Nothing mushy about mixed veg
Two words send a chill down my spine. Say mixed vegetables, and I break out into a cold sweat. The words immediately throw up a picture of a dish of peas, cauliflower florets, potatoes, and often carrots cooked into a mushy pulp. This is a dish I order in a restaurant or a dhaba only when I have to, for the vegetables are mixed to a point that you can no longer say what is what.
Yet, mixed vegetables can be delightful. Think of Kerala’s ‘aviyal’, North India’s ‘annakoot’, Bengal’s ‘shukto’ and ‘charchari’, and Gujarat’s ‘undhiyu’ or ‘undhiyo’. These are mixed vegetables, with variations in the tempering. Some are cooked with coconut, some with panch phoren, others with powdered spices.
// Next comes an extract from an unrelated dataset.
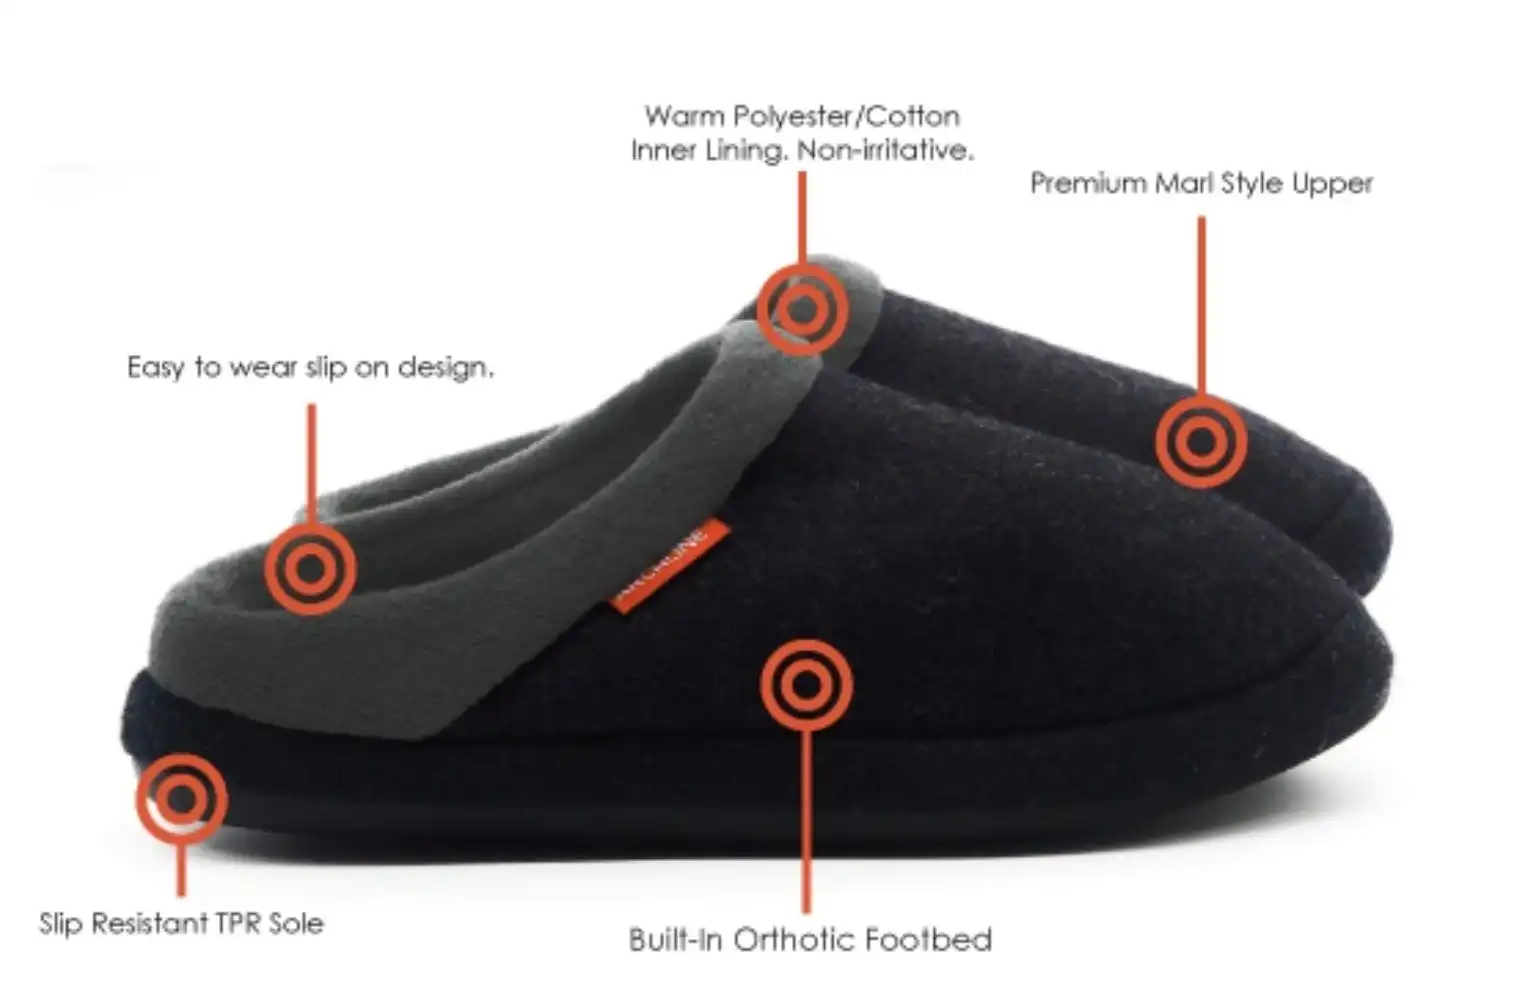 Archline Orthotic Slippers Slip On Arch Scuffs Medical Pain Relief Moccasins

You can see the vegetables in the dish, get to taste each one individually — and together as a tasty unit.
When I think of mixed vegetables, I get enveloped in the taste and flavours of ‘undhiyu’. Aunty Urmila, our friend’s much-loved mother, was known for her ‘undhiyu’. Even though it is essentially a winter dish, she’d cook it for us on summer evenings, too. The word comes from the way the dish is cooked. ‘Undhu’ in Gujarati means upside down. The dish is cooked in a pot that is sealed, and then buried in the ground under burning coal or embers. These days, of course, there are simpler ways of making ‘undhiyu’, including in a slow cooker. What makes a mixed vegetable dish different from an ordinary vegetable dish? It is the mix of vegetables that makes it special. We get a plethora of vegetables in different seasons. All these dishes have at least five vegetables. ‘Charchari’ is usually cooked with chopped pumpkin, wax gourd, radish, potatoes, raw bananas and some greens. ‘Aviyals’ consist of 10 or more vegetables. The veggies in that dish have to be firm. So, there is always yam, drumsticks and green bananas. A few pieces of raw mangoes during the season are added too. Freshly grated coconut is mixed with curd and cumin powder and then added to the ‘aviyal’, which is finally topped with coconut oil and curry leaves.
The Bengali ‘shukto’ looks similar but is different in taste. Among the many vegetables is the bitter gourd giving it a mildly bitter taste. A bit of milk gives it a pale colour, and a light and sweet touch to complement the bitterness. Milk is used in Odisha’s ‘santula’ too. ‘Mahura’, another Odisha dish, is prepared with local vegetables and lentils.
The king of mixed vegetables is ‘annakoot’, prepared and eaten on the second day of Diwali. In many homes, it is cooked with 56 vegetables, and sometimes even 65. Various kinds of green leafy vegetables go into it, along with potatoes, sweet potatoes, brinjal, cauliflower, radish, colocasia, gourds, broad beans and so on. In a big pot, add oil, asafoetida, bay leaves and cumin. Add grated ginger and green chillies. Sauté the vegetables. Add the greens — spinach, fenugreek and so on — towards the end, and then some tomatoes, dried pomegranate seeds and salt. Cooks will tell you that there is a way of cutting and cooking the vegetables. Many are chopped in uniform sizes. The harder vegetables go into the pot first, and then add the softer ones and the green leafy. The dish must look good, with veggies of different colours making a rainbow hue.
Clearly, a good mixed vegetable dish is bolstered by science and art. And, no, it’s not mush.
Shukto
Ingredients
Potatoes 100 gm
Sweet potatoes 100 gm
Green banana 100 gm
Radish 100 gm
Baby brinjal 100 gm
Broad beans 50 gm
Drumsticks 50 gm
Bitter gourd 50 gm
Green papaya 50 gm
Fried matter dal balls (bori) 2 tbsp
Ginger paste 1 tbsp
Mustard paste 1 tbsp
Milk 3 tbsp
Maida ½ tsp
Bay leaves 2
Panch phoren (roasted) 1 tsp
Radhuni (wild celery seeds) 1 tsp
Water As needed
Mustard oil For sautéing
Ghee 1 tsp
Salt and sugar To taste
Method
Peel the potatoes, papaya and green bananas. Scrape the radish and remove the sides of the beans and drumsticks, and the brinjal stems. Cut the vegetables lengthwise into 1-inch pieces.
Heat oil in a pan. Add radhuni and bay leaves, and then the potatoes, green bananas and bitter gourd. After 3-4 minutes, add the other vegetables. Stir well.
Add the ginger paste and mustard paste. Pour some water and let it simmer. Season with salt and sugar. Add the fried bori. Cover and cook. When the water has evaporated and the veggies are cooked, mix maida in the milk and stir it in. Add roasted panch phoren and ghee. Serve with rice.